It's been a few days here in Tokyo already, and to be honest I haven't done a whole lot of sightseeing yet. On Thursday and Saturday I dropped into CDO Tokyo. Their capoeira style is "similar" to my group's, in the sense that certain movements kind of exist in both. In actuality, it felt fundamentally different. For example, a lot more emphasis was placed on backbend escapes and kicks, which we touch upon in Quintal but not nearly as much. Besides that, I met up with two friends of mine living in Tokyo. The first, Akane, and I went to a barbecue place, specializing in those weird organs Americans would never eat. What we ate included chicken heart, cow tongue, and cow stomach, but the only thing we had that was new was cow breast. Today I hung out with a friend Jinyoung, and the two of us went and ate blowfish. Tastes a bit like octopus but not as tough. So far not dead, I'll see. The air here is really dry, and resultingly I'm really dehydrated. For the second and third night, despite having 2-3 drinks and not even getting drunk, I had a massive hangover after.

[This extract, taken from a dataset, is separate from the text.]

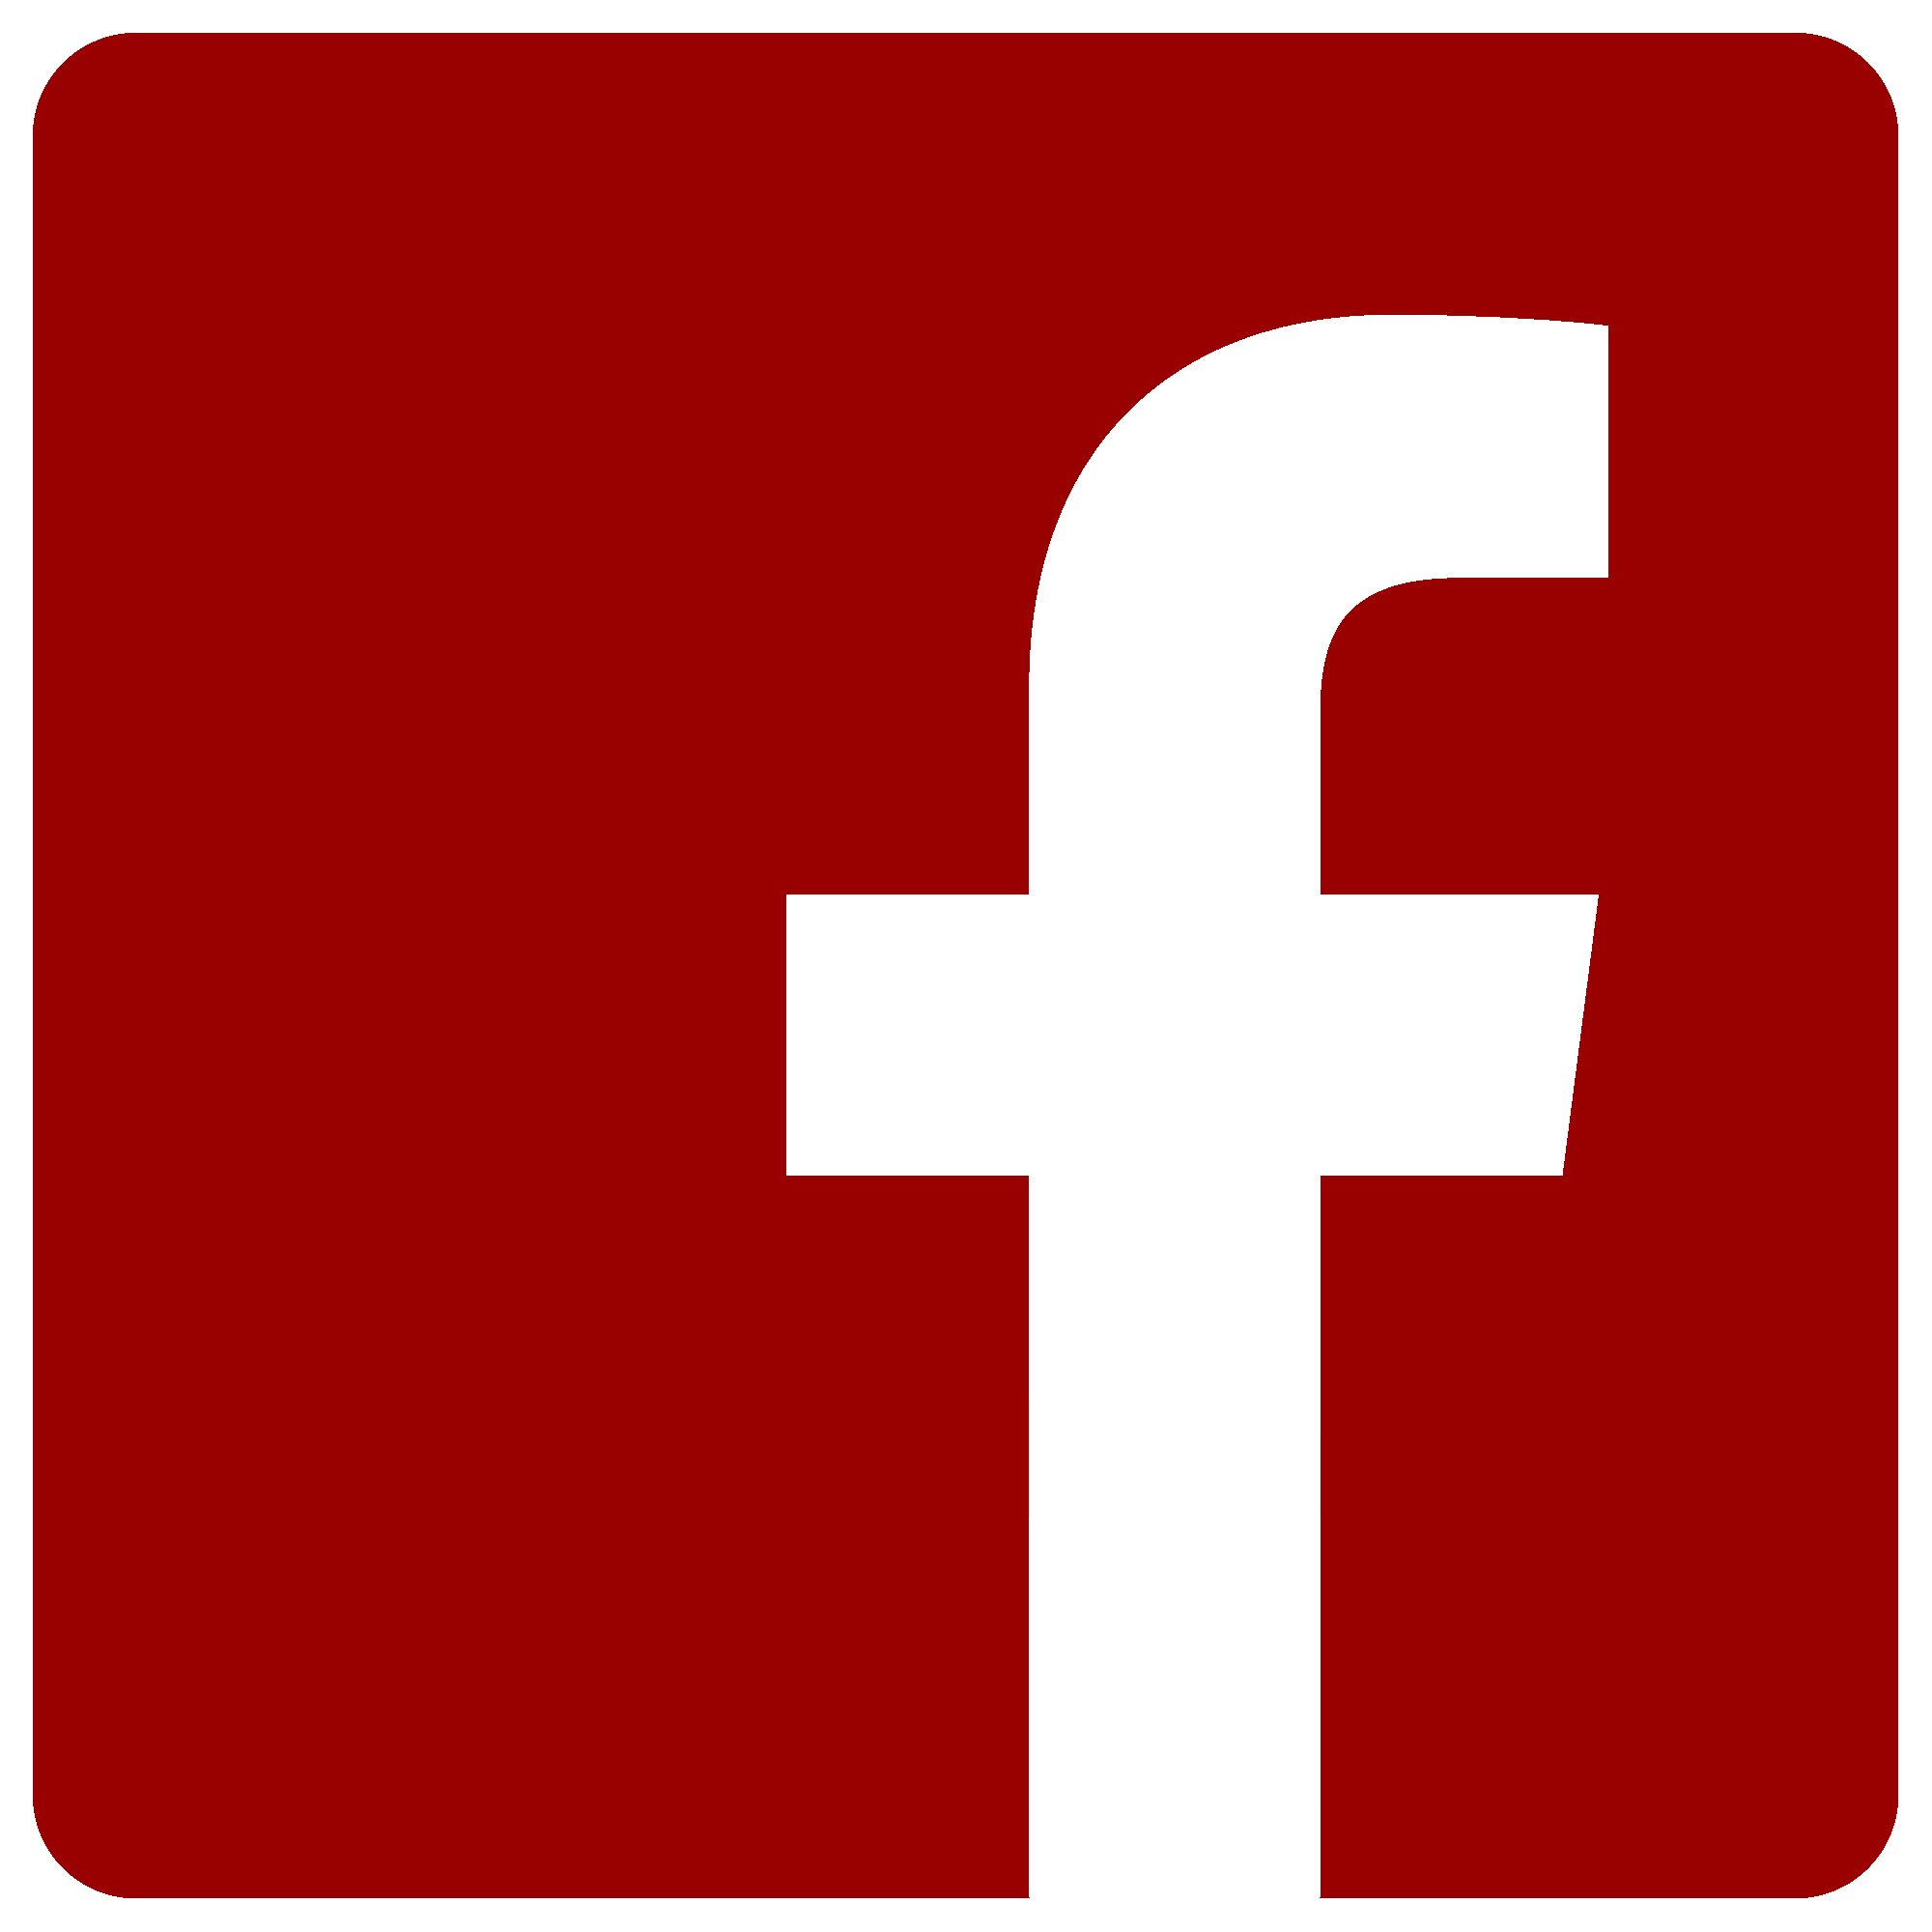 Original Facebook Logo - Facebook Logo Red.png

In most Asian countries, if the meal calls for rice, or usually just comes with rice. This is not true in Thailand, where they ask if you wanted rice with your meal. So this includes foods you'd think would obviously include rice, such as curry, or foods you wouldn't think would include rice, such as soup.
In America, you usually have to account for tax when paying for your meal. In Thailand, you account for the cost of the rice (usually 15-20 baht).
In Thailand, as is the case everywhere, you're bound to observe differences in culture. These differences stem from a mix of cultural norms, and in many cases in the east, a history of being occupied. Thailand, however, was never occupied by a foreign power, but instead would change its laws depending on who they are using with at the time. Of course, that is hardly the car with many of examples, but it's good to keep in mind.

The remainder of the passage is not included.